The digital vs. analog thoughts, even debates I can understand...when the analog LP is from analog masters.  When an LP is pressed using a digital master recording as the source, does that LP still have an analog advantage?   
whatjd
Remember the late '70's and the Telarc digital recordings?  Vinyl records mastered from 50K digital tapes.  The audiophile magazines were unanimously griping about the sterility, lack of detail and digital glare even back then.  Admittedly, things have gotten better since then, but I still think that buying a record that was mastered from a digital source is highway robbery.  Don't get me wrong, I enjoy both digital and vinyl, my gripe is the misrepresentation of the product. 
Some of us own and push the envelope with both analog and digital formats and by both I mean vinyl, tape and high end digital.
there are hardcore in every corner, but some of us can occupy all three corners and understand relative strengths and weaknesses ego and cognitive dissonance free. Those who dismiss a format out of hand are ignorant, deaf or worse... just blowhard big ego getting in the way of a lot more accessible world class music.
iF you have an excellent DAC, night I suggest some 2L ( the Nordic sound ) downloads and the corresponding vinyl album from them. Make up your own mind , blowhard free
2L
grammy winners
find me a blowhard on this thread with chops to match 2L and the steak dinner is on me....
The analog from a digital recording will often contain the full data from that recording (apart from RIAA compression, but we all know that), whereas you might end up with a more compressed version of the digital file, thus losing information. That’s not quite what the OP asked but an important concern. If you can get the digital at full resolution and have equally resolving equipment (how could you objectively determine that?), there is no difference—at least the handful of times a dealer has demo’d that for me, my ears couldn’t hear a difference. 
Here’s a problem still—I have no desire to purchase high-resolution files and then store them at home. That means that I am limited to Tidal or Qobuz. I believe that there’s sometimes distortion or lossiness in the streaming process/modem issues, bandwidth, etc, so that the same digital streamed file will sound different at different times, even if it is occurring at the purportedly same bit rate. 

1979. Rise. Herb Alpert. 

The first track is analog mastered. All the remaining tracks were digitally recorded on 3M’s new 32 bit mastering system. 

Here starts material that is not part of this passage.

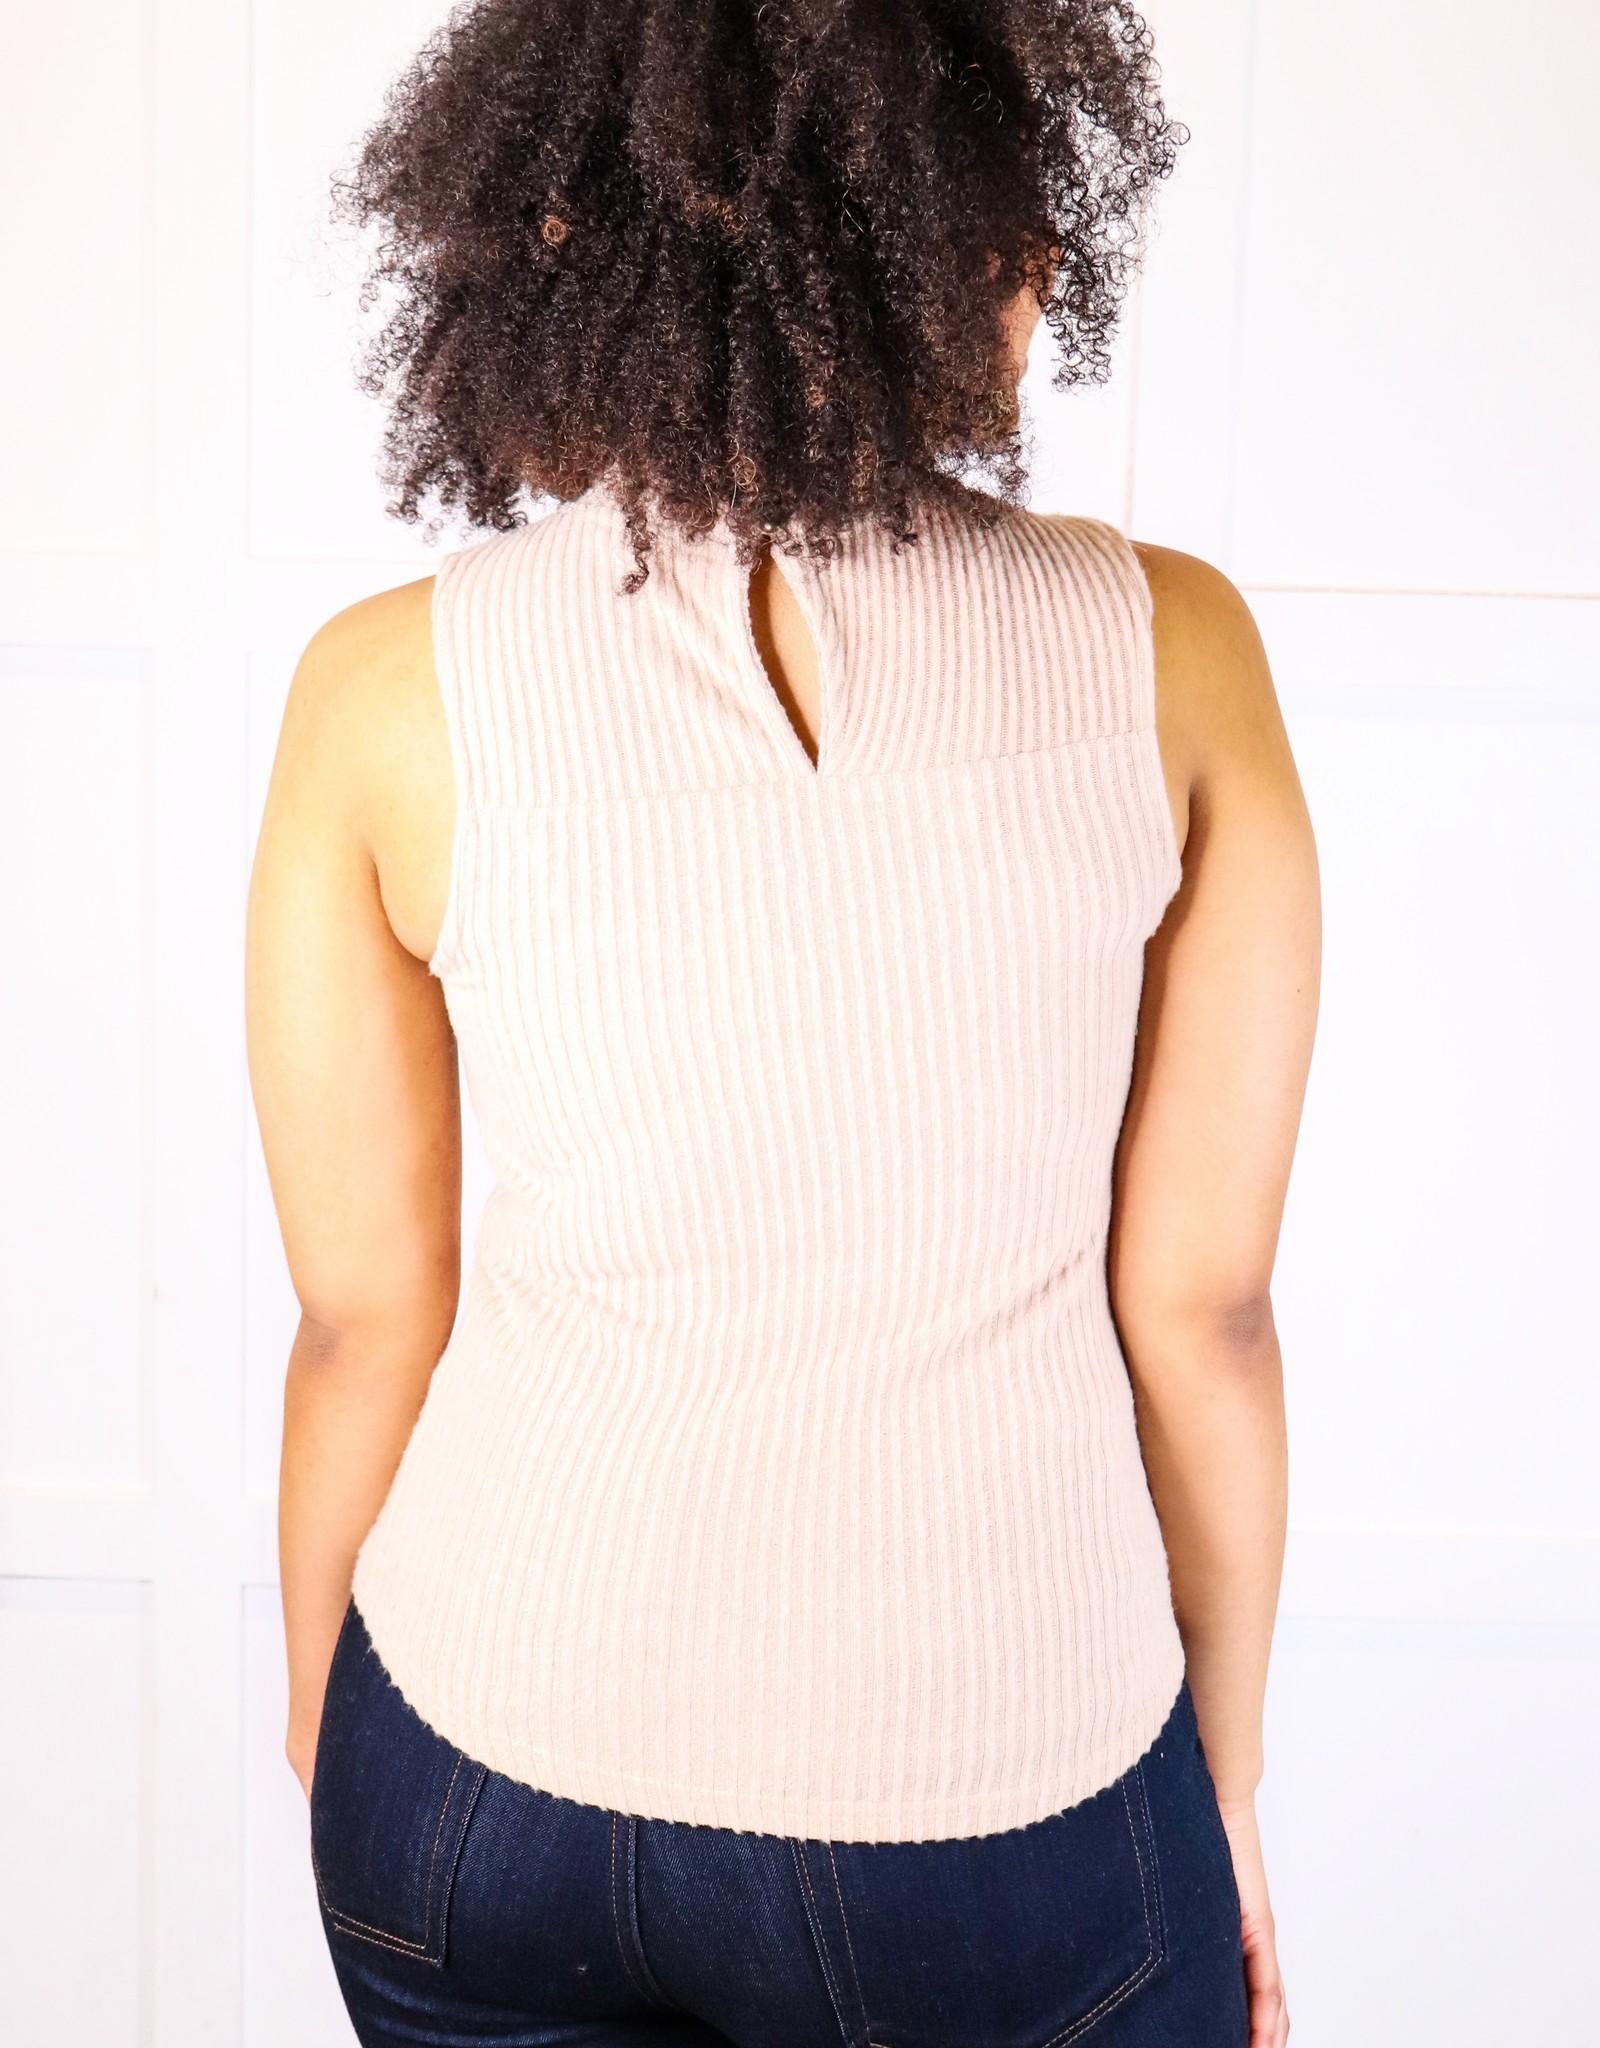 HUSH Slvless mock neck rib knit top

I have the original vinyl pressing. 10 years later, in 1989, I bought the CD.

The LP is far superior than the 16 bit CD.

Ive seen this over and over again, back during the time when vinyl was mastered, cut, and pressed properly, that the vinyl produces a superior experience over digital. Digital is easy, no work. Vinyl is an art form.

Another example: Linda Ronstadt’s 3 albums she recorded with the Nelson Riddle Orchestra in the 1980s. All 3 vinyl LPs sound far superior to the CD versions. Also, her 1989 album with Aaron Nevill; the LP is far superior to the CD version. All digitally recorded. Artisans mastered the vinyl, flunkies mastered the CDs.